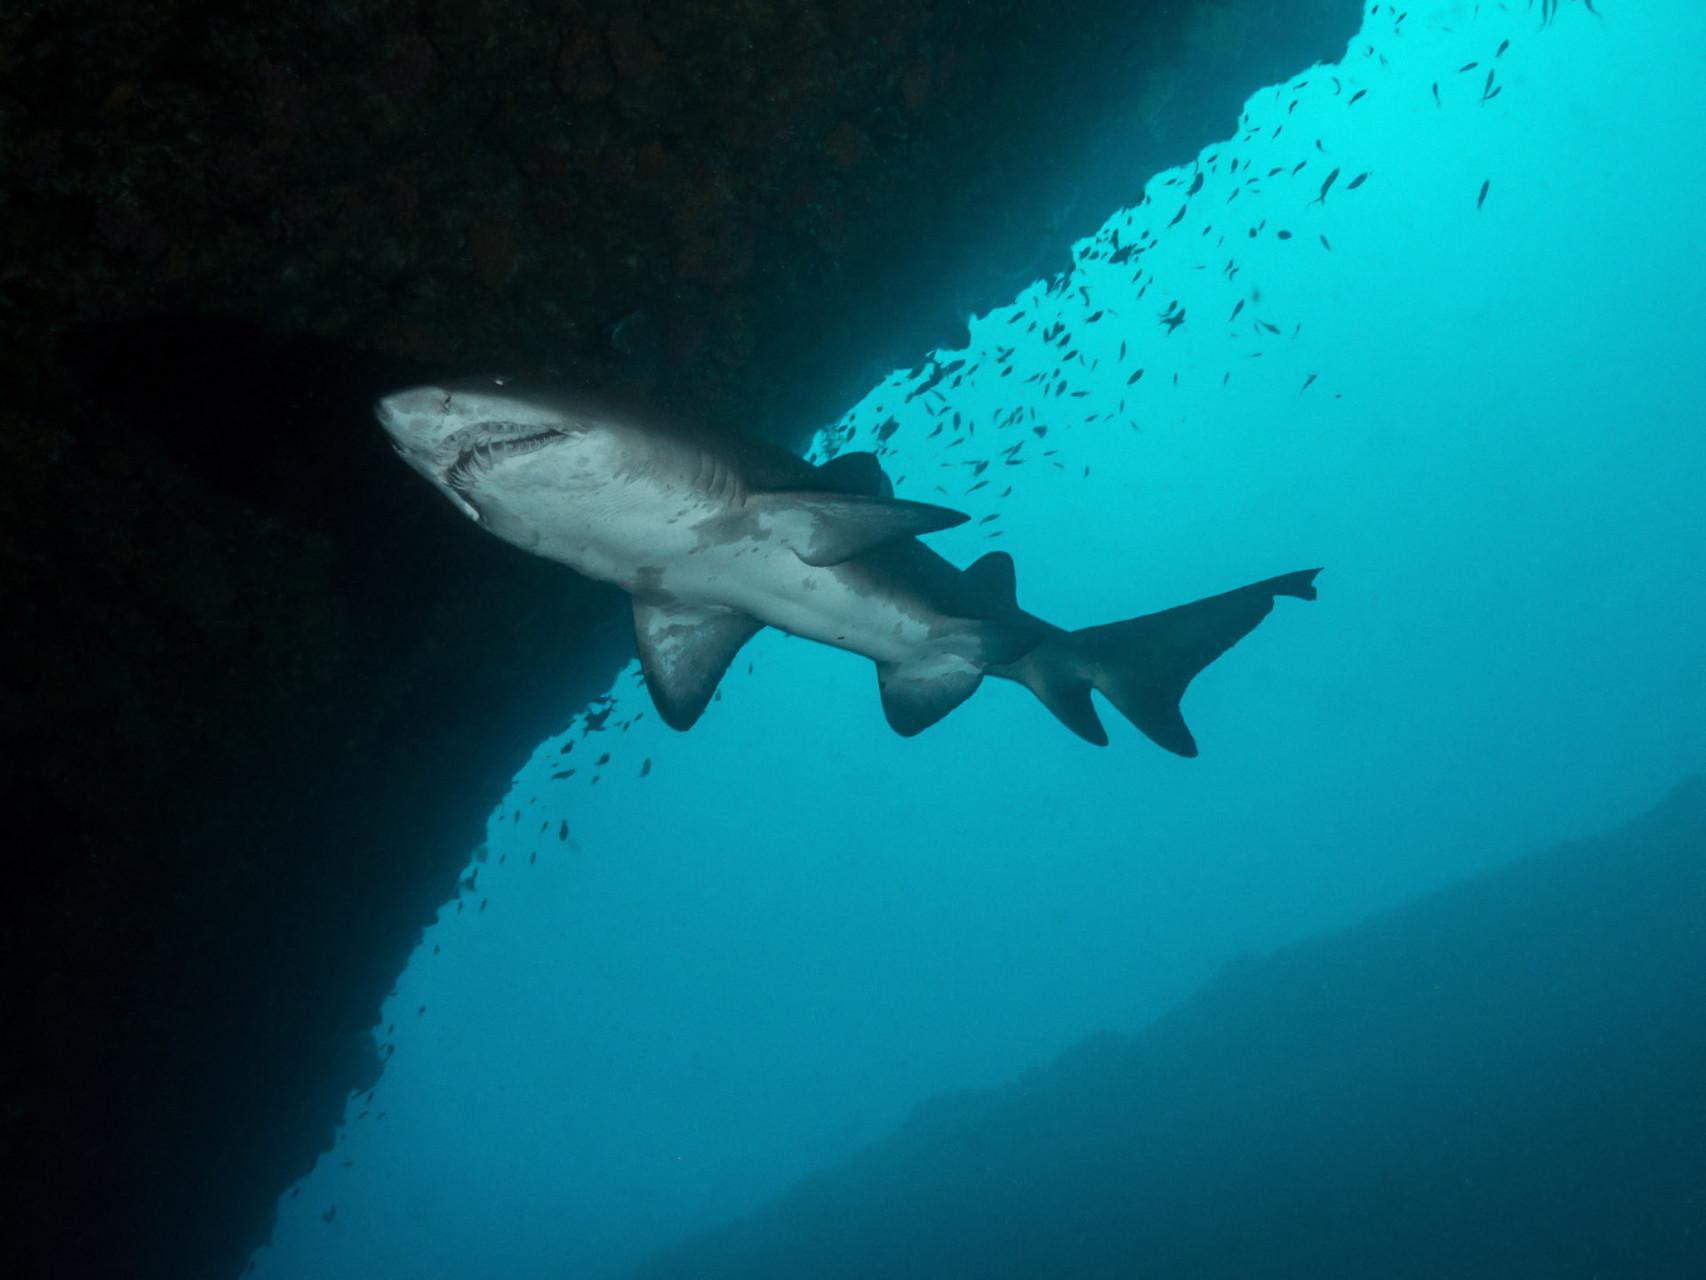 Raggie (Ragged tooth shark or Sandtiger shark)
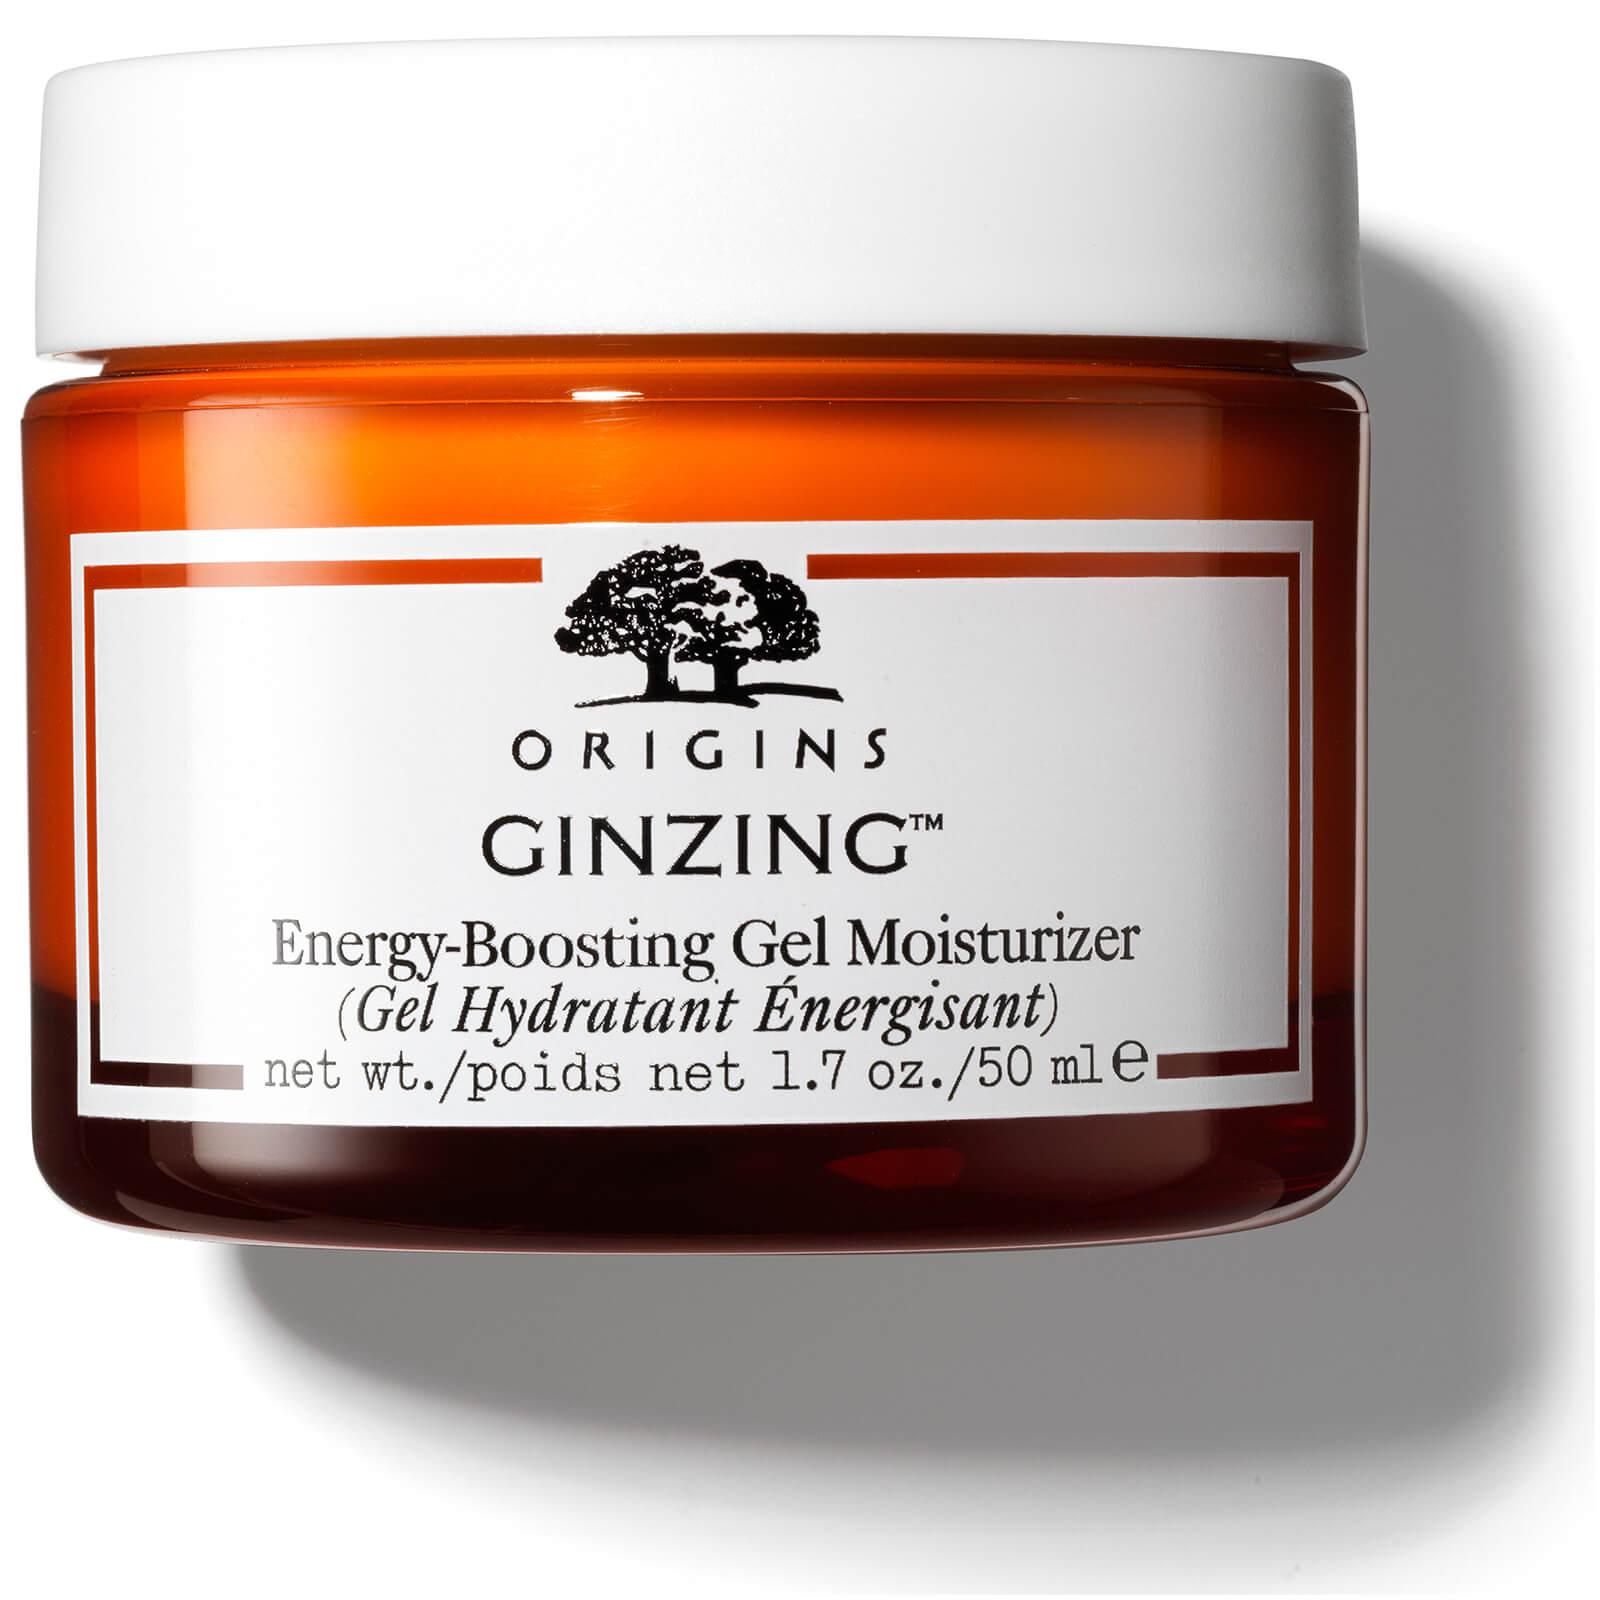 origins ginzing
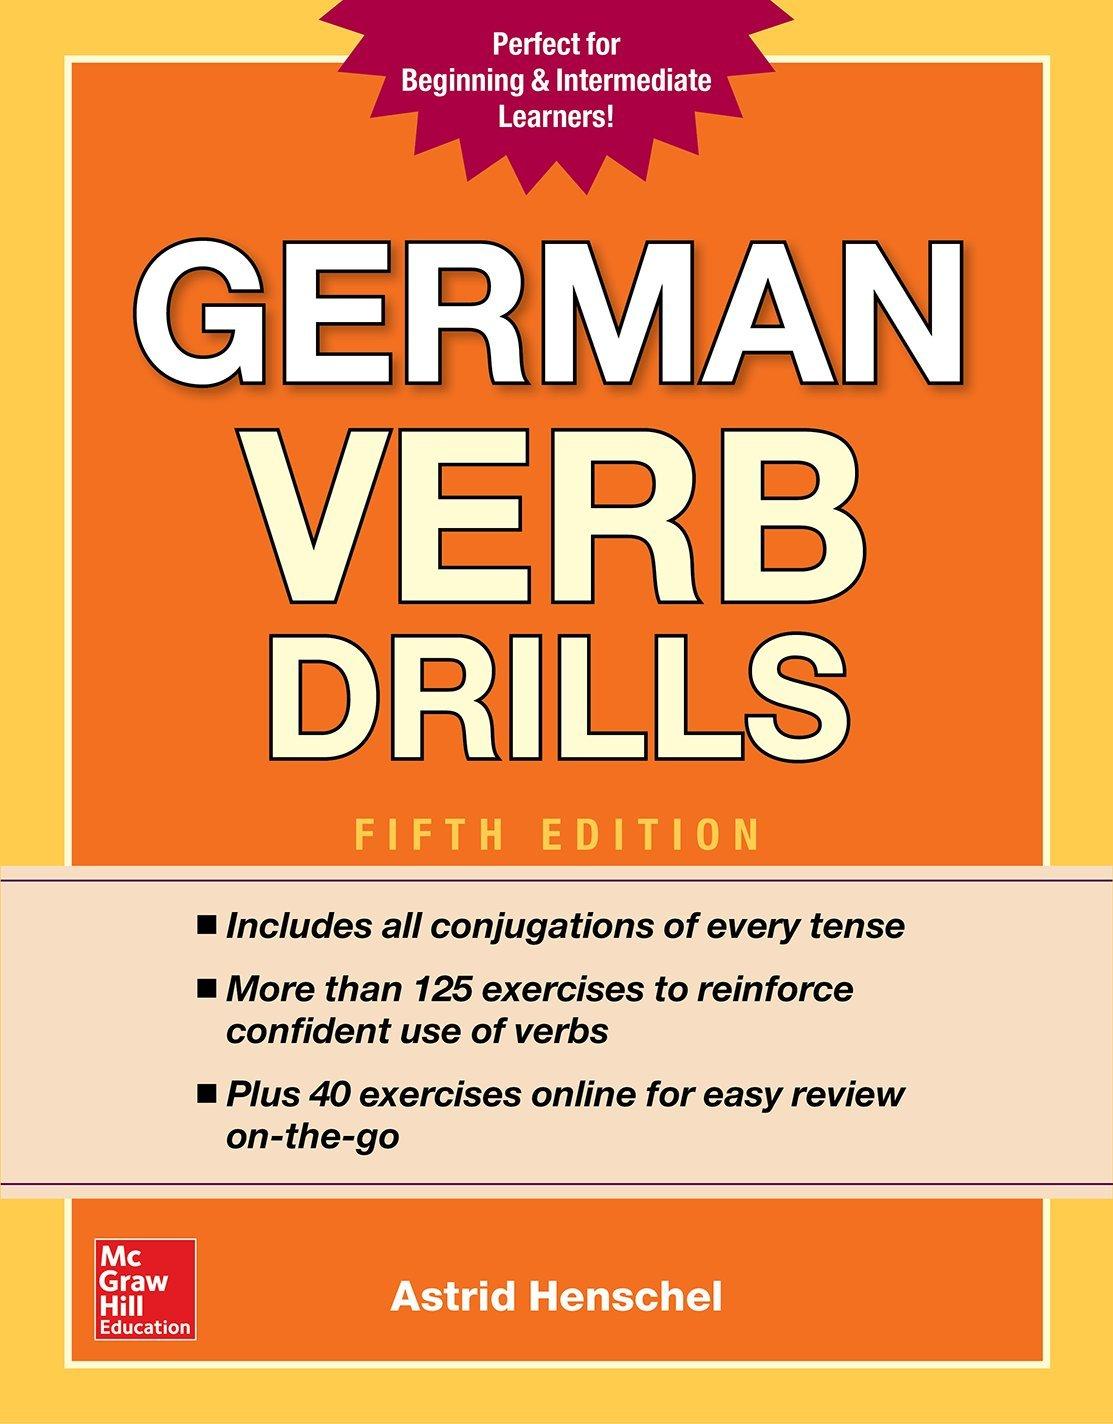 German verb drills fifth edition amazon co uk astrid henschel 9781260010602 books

-*-

Your reply should hold every line of the material, unaltered, and not one picture.

 Raggie (Ragged tooth shark or Sandtiger shark)
 origins ginzing
 German verb drills fifth edition amazon co uk astrid henschel 9781260010602 books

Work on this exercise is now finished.